Dipartimento di Scienze Farmaceutiche, Universita di Pisa, Via Bonanno 6, 56126 Pisa, Italy.
Curr Top Med Chem. 2012;12(4):352-9. doi: 10.2174/156802612799078667.
The Translocator Protein (18 kDa) (TSPO), previously known as the peripheral benzodiazepine receptor, is widely expressed in glial cells and in peripheral tissues and is involved in a variety of biological processes: steroidogenesis, cell growth and differentiation, apoptosis induction, etc. TSPO basal expression is up-regulated in a number of human pathologies, including a variety of tumors and neuropathologies, such as gliomas and neurodegenerative disorders (Huntington's and Alzheimer's diseases), as well as in various forms of brain injury and inflammation. Furthermore, changes in TSPO receptor levels have been found in anxiety and mood disorders. Nowadays, considerable efforts have been focused on the identification of new TSPO ligands characterized by high-affinity and selectivity. In this review, we report and analyze the main experimental data and the computational procedures and validation methods used for the construction of the TSPO receptor and ligand-based models, describing in detail the most successful results and the new trends.

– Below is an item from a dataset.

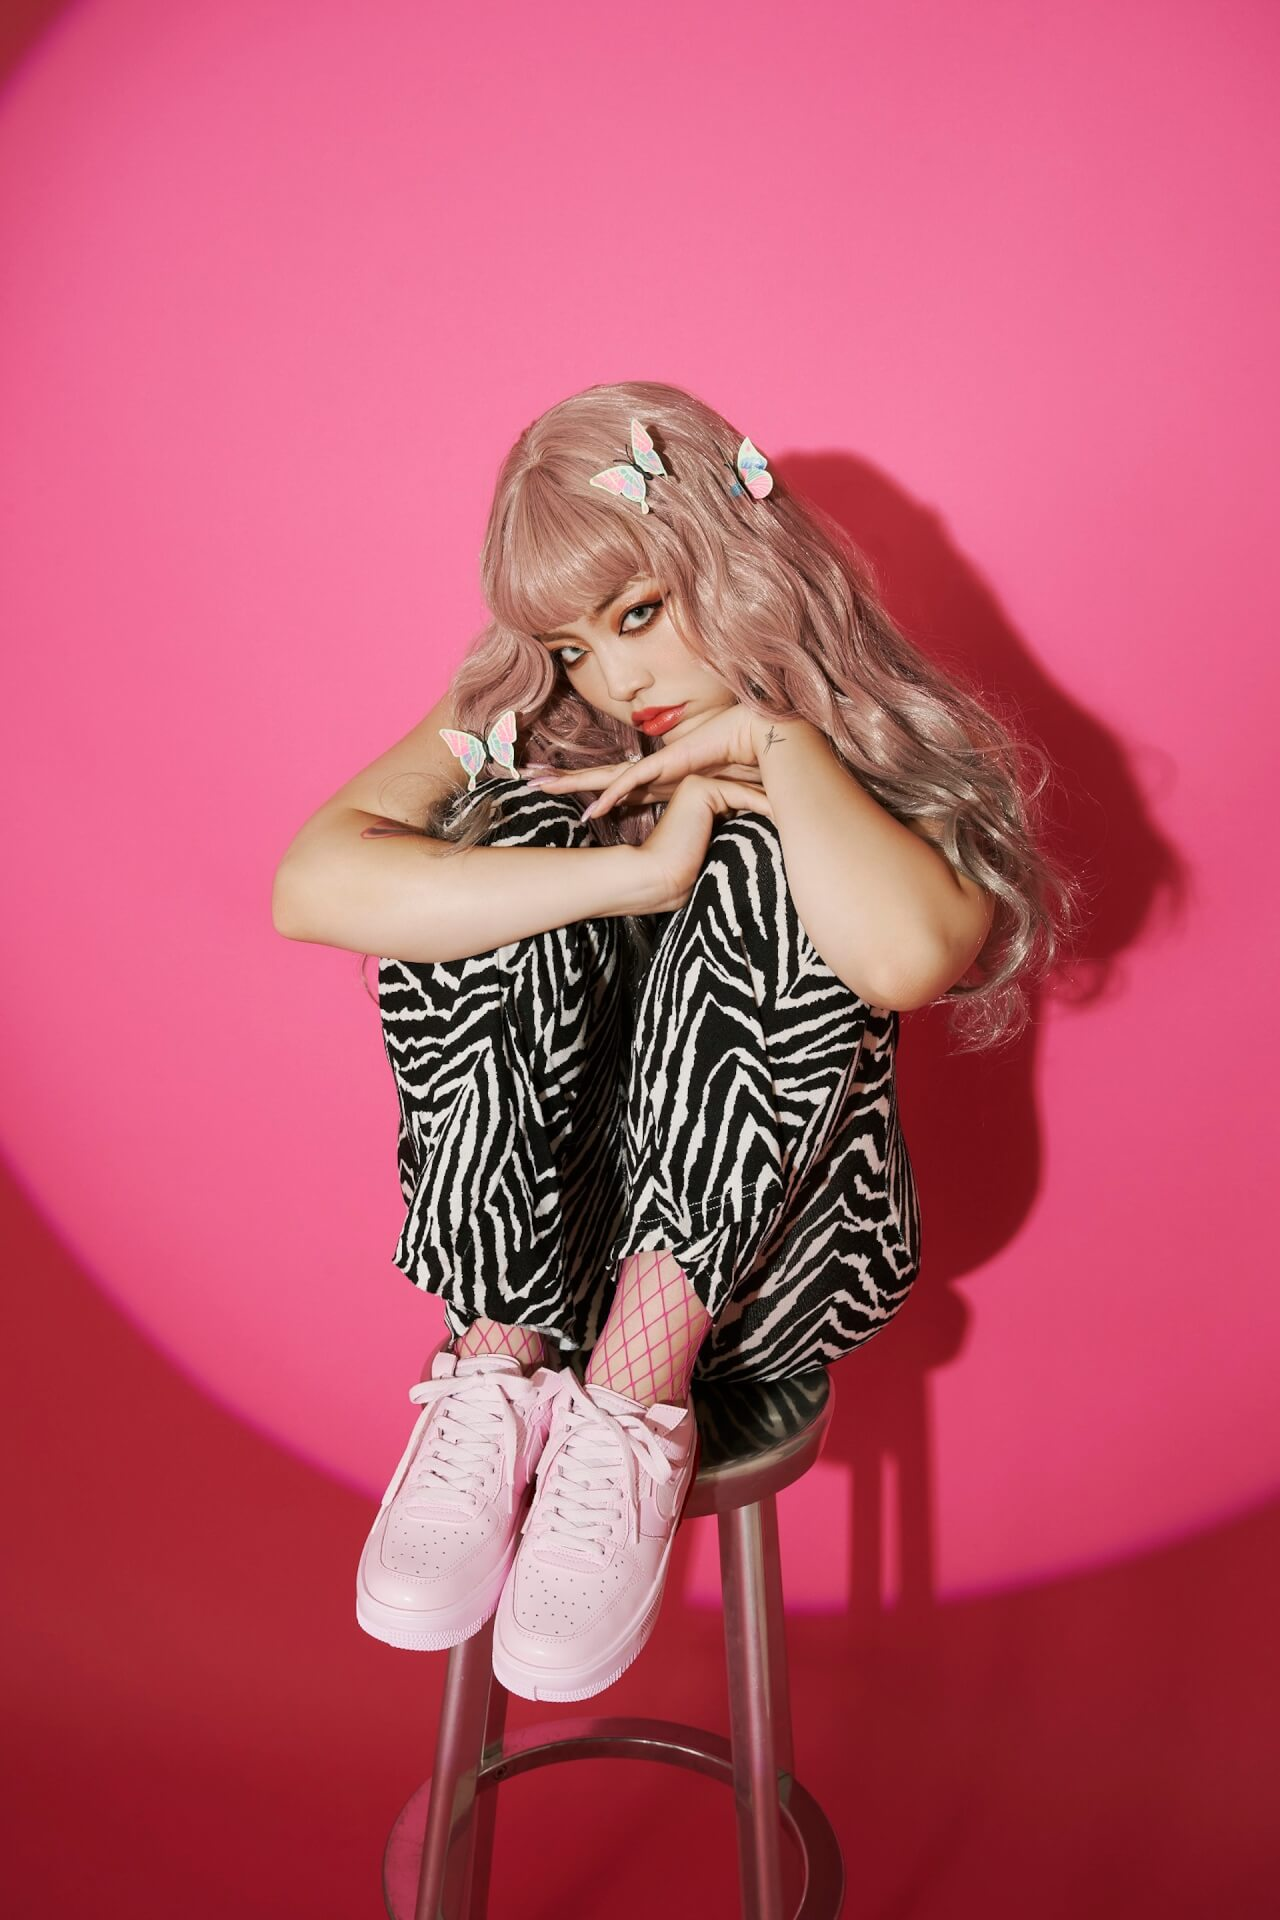 atmos pinkからNIKE W AIR FORCE 1 FONTANKA PINKが限定発売!ちゃんみなのダンスオーディションも開催 fashion_210727_airforce_cyanmina4

转位蛋白(18kDa)(TSPO)以前称为外周苯二氮䓬受体,广泛表达于神经胶质细胞和外周组织中,并参与多种生物学过程:类固醇生成、细胞生长和分化、细胞凋亡诱导等。在许多人类疾病中,包括各种肿瘤和神经病理学,如神经胶质瘤和神经退行性疾病(亨廷顿氏病和阿尔茨海默病),以及各种形式的脑损伤和炎症中,TSPO 基础表达上调。此外,在焦虑和情绪障碍中也发现 TSPO 受体水平发生变化。如今,人们已经投入大量精力来鉴定具有高亲和力和选择性的新型 TSPO 配体。在这篇综述中,我们报告和分析了构建 TSPO 受体和配体模型的主要实验数据以及计算程序和验证方法,详细描述了最成功的结果和新趋势。